Графиня поколебалась немного, но все-таки отказалась.
Приехав в Москву, Толстой обнаружил, что жена увлечена своим пианистом больше, чем прежде. Возобновились сцены. В конце концов вышла такая серьезная ссора, что Лев Николаевич записал ее слово в слово и сохранил в своих записках под названием «Диалог». Они лежали в своей комнате, говорили. Сначала тихо, потом перешли на крик. Соня никак не могла уверить его в своей невиновности:
«Ну вот, я спрашиваю себя совершенно искренно: какое мое чувство и чего бы я желала? Я желала бы больше ничего, как то, чтобы он раз в месяц приходил посидеть, поиграть, как всякий добрый знакомый».
«Ну ведь вот ты сама этими словами подтверждаешь, что у тебя исключительное чувство к этому человеку, – отвечал ей на это Толстой. – Ведь нет никакого другого человека, ежемесячное посещение которого составляло бы для тебя радость. Если посещение раз в месяц приятно, то приятнее еще раз в неделю и каждый день… Ты живешь какой-то исключительной жизнью. Ты сделалась какой-то консерваторской дамой».
«Слова эти почему-то ужасно раздражают ее… Она приходит в полуистерическое состояние…
– Ты измучил меня, долбишь два часа одной и той же фразой: исключительное, исключительное чувство, хорошее или дурное, хорошее или дурное. Это ужасно. Ты своей жестокостью доведешь бог знает до чего.
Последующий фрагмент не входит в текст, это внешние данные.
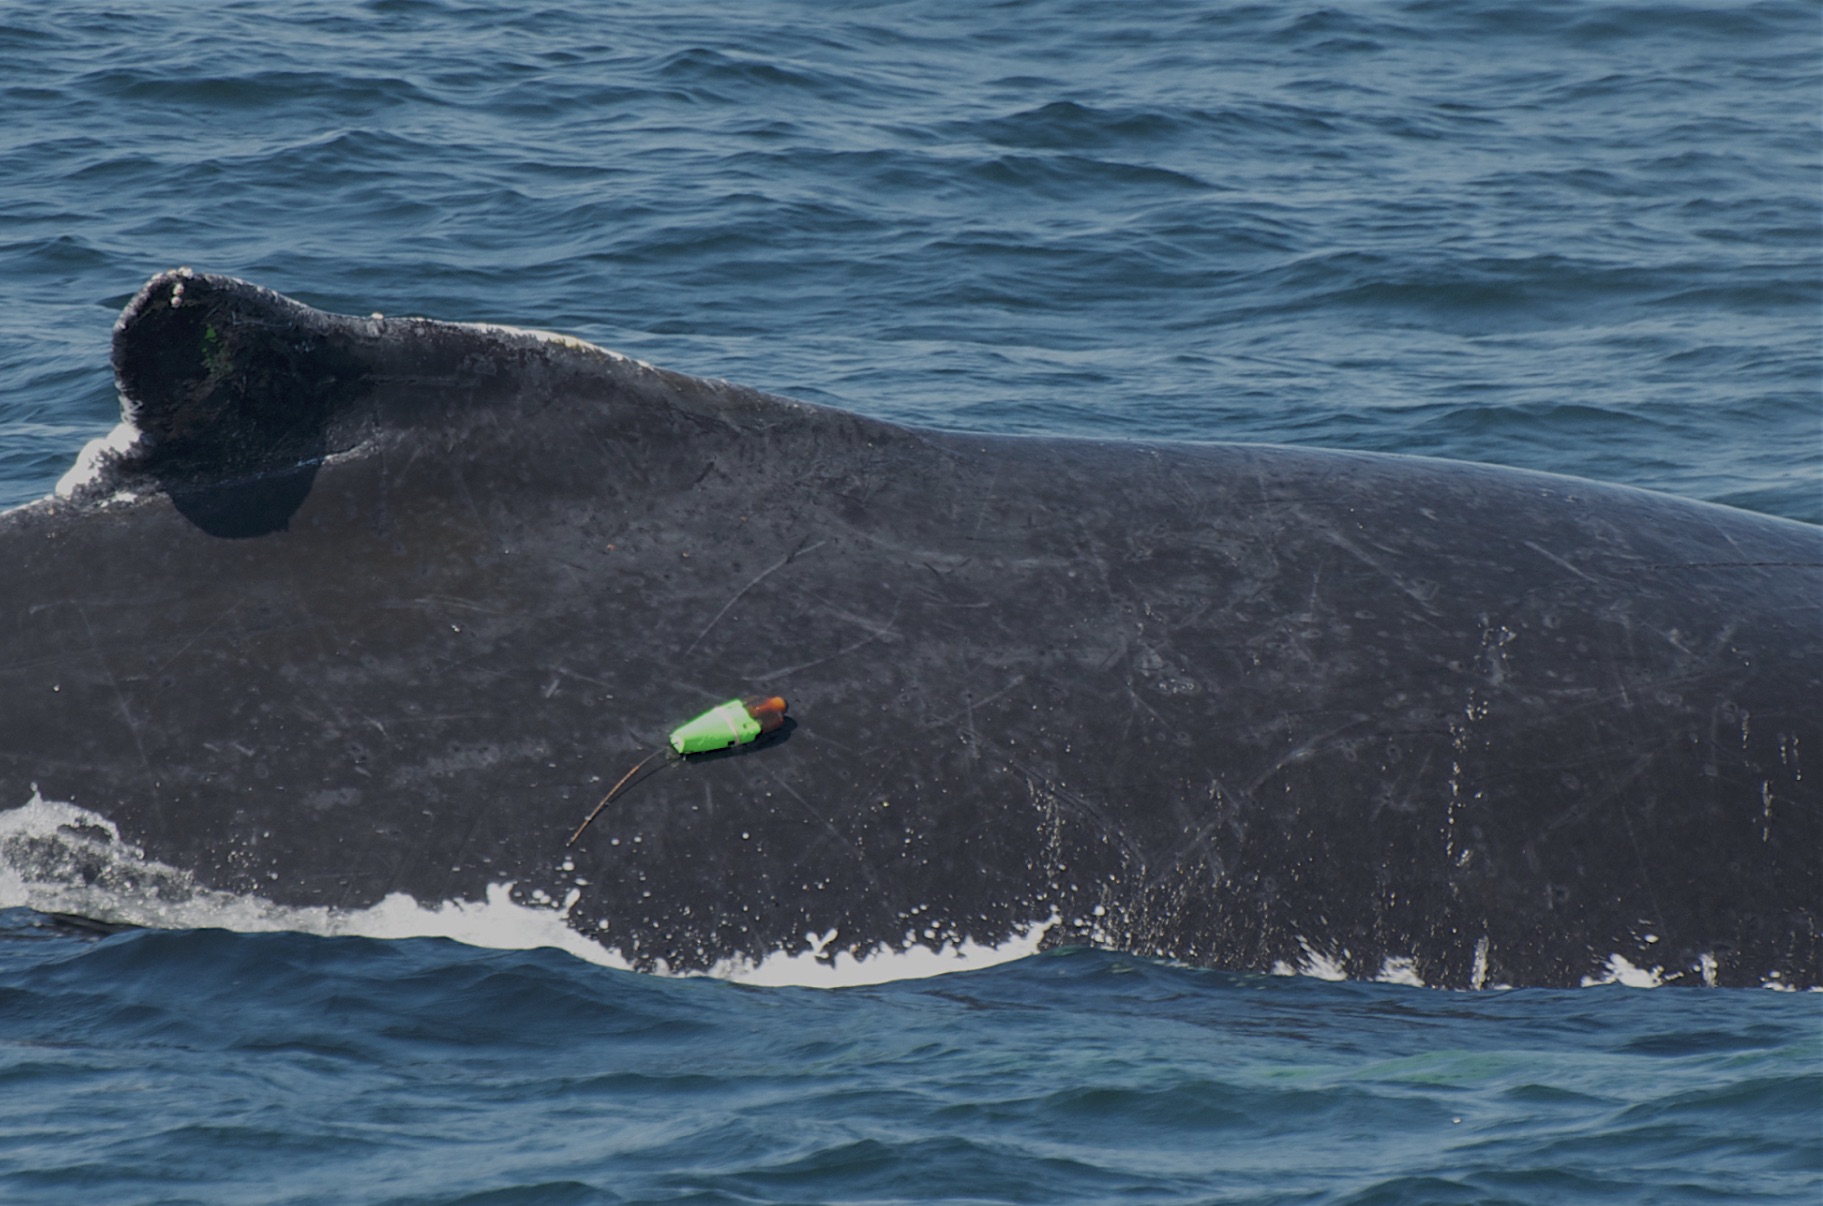 Acousonde tag on a humpback

Тут уж начались бессмысленные, чтобы не сказать ужасные, жестокие речи: и угрозы, и убийство себя, и проклятия всем, и мне и дочерям… Потом рыдания, смех, шептание, бессмысленные и, увы, притворные слова: голова треснет, вот здесь, где ряд, отрежь мне жилу на шее, и вот он, и всякий вздор, который может быть страшен. Я держал ее руками. Я знал, что это всегда помогает, поцеловал ее в лоб. Она долго не могла вздохнуть, потом начала зевать, вздыхать и заснула и спит еще теперь».
Последовало долгое перемирие, увлечение Софьи Андреевны понемногу стало сходить на «нет», да и тактичный Танеев, поняв наконец что-то неладное, прекратил свои визиты.
Но Толстой не освободился от любовных безумств – казалось, тем летом всем яснополянским женщинам бес вскружил головы, приходилось призывать к порядку то мать, то дочерей. Никогда не думал он, что две любимые дочери, Маша и Таня, которые до глубины души прониклись его учением, одна за другой от него отвернутся.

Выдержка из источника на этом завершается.